=== Work order ===
Return, exactly and in full, the lines of the records below starting at the one with "9651d82c16 SALE! Authentic" and ending at the one with "Black Star Canyon Falls", and no other lines.

=== Dataset entries ===

------------

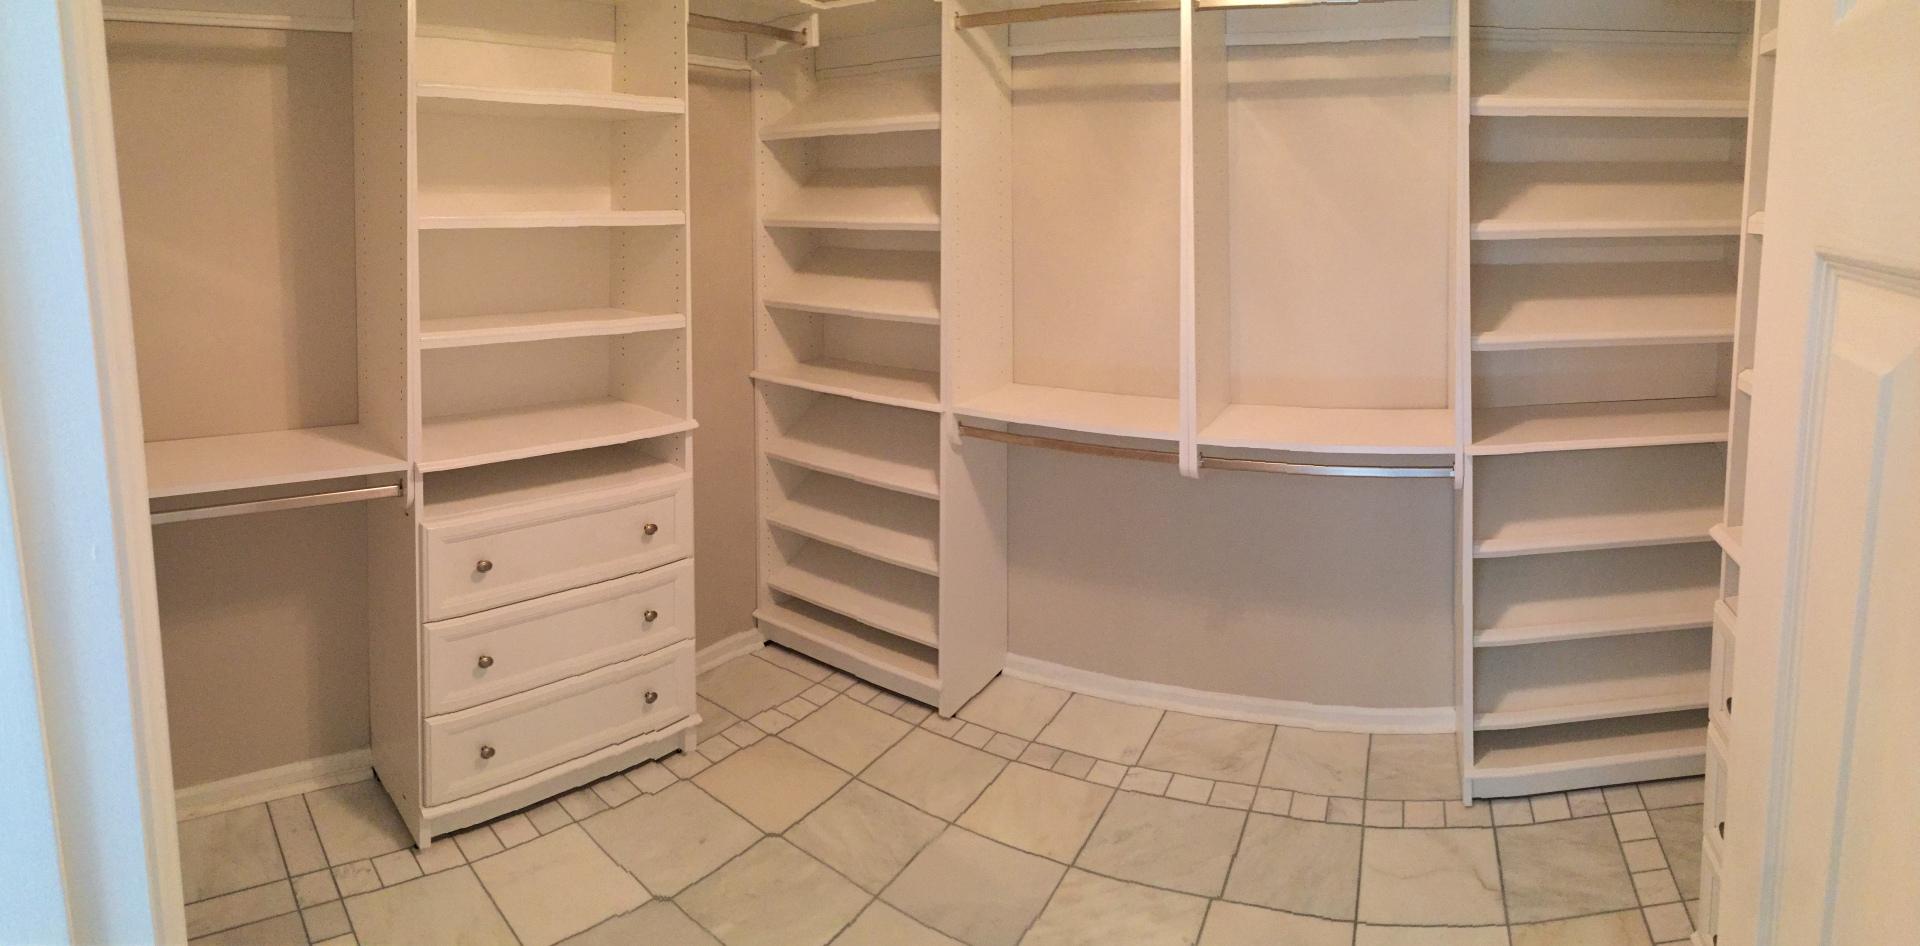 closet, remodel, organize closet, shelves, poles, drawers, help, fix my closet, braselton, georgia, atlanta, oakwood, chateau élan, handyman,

------------

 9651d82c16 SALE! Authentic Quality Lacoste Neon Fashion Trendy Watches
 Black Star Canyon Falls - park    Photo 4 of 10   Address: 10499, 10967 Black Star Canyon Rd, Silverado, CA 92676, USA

------------

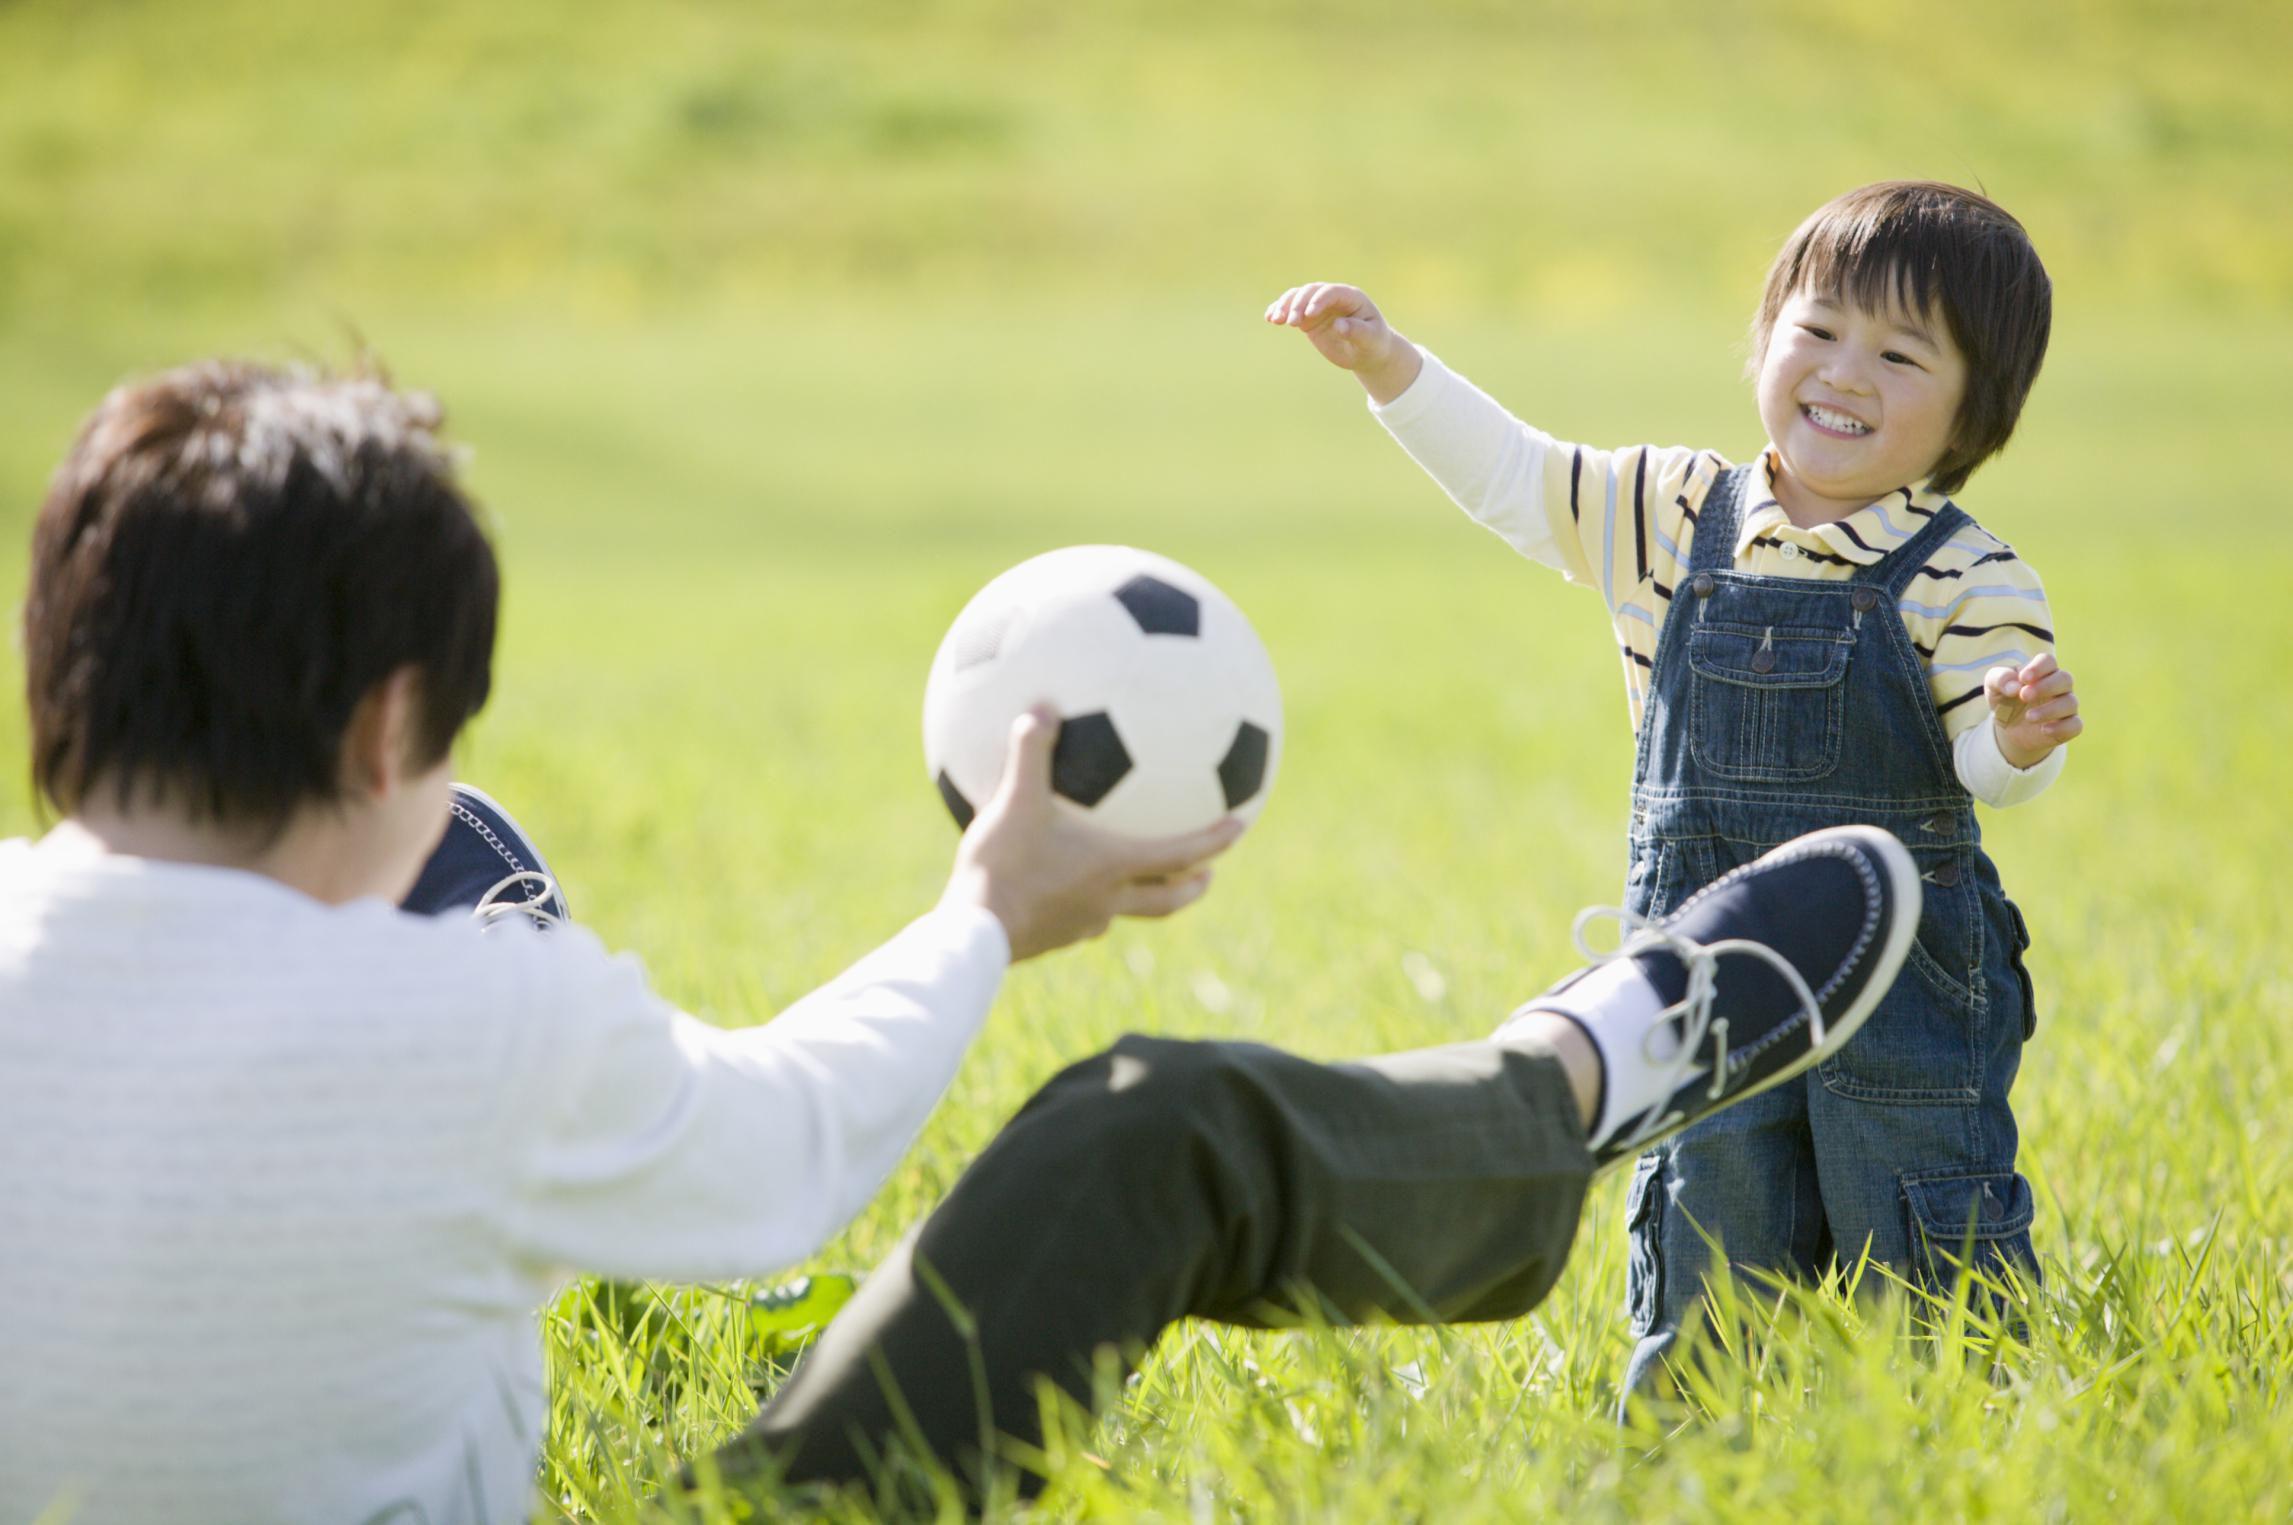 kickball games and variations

------------

=== Solution to this task ===
 9651d82c16 SALE! Authentic Quality Lacoste Neon Fashion Trendy Watches
 Black Star Canyon Falls - park    Photo 4 of 10   Address: 10499, 10967 Black Star Canyon Rd, Silverado, CA 92676, USA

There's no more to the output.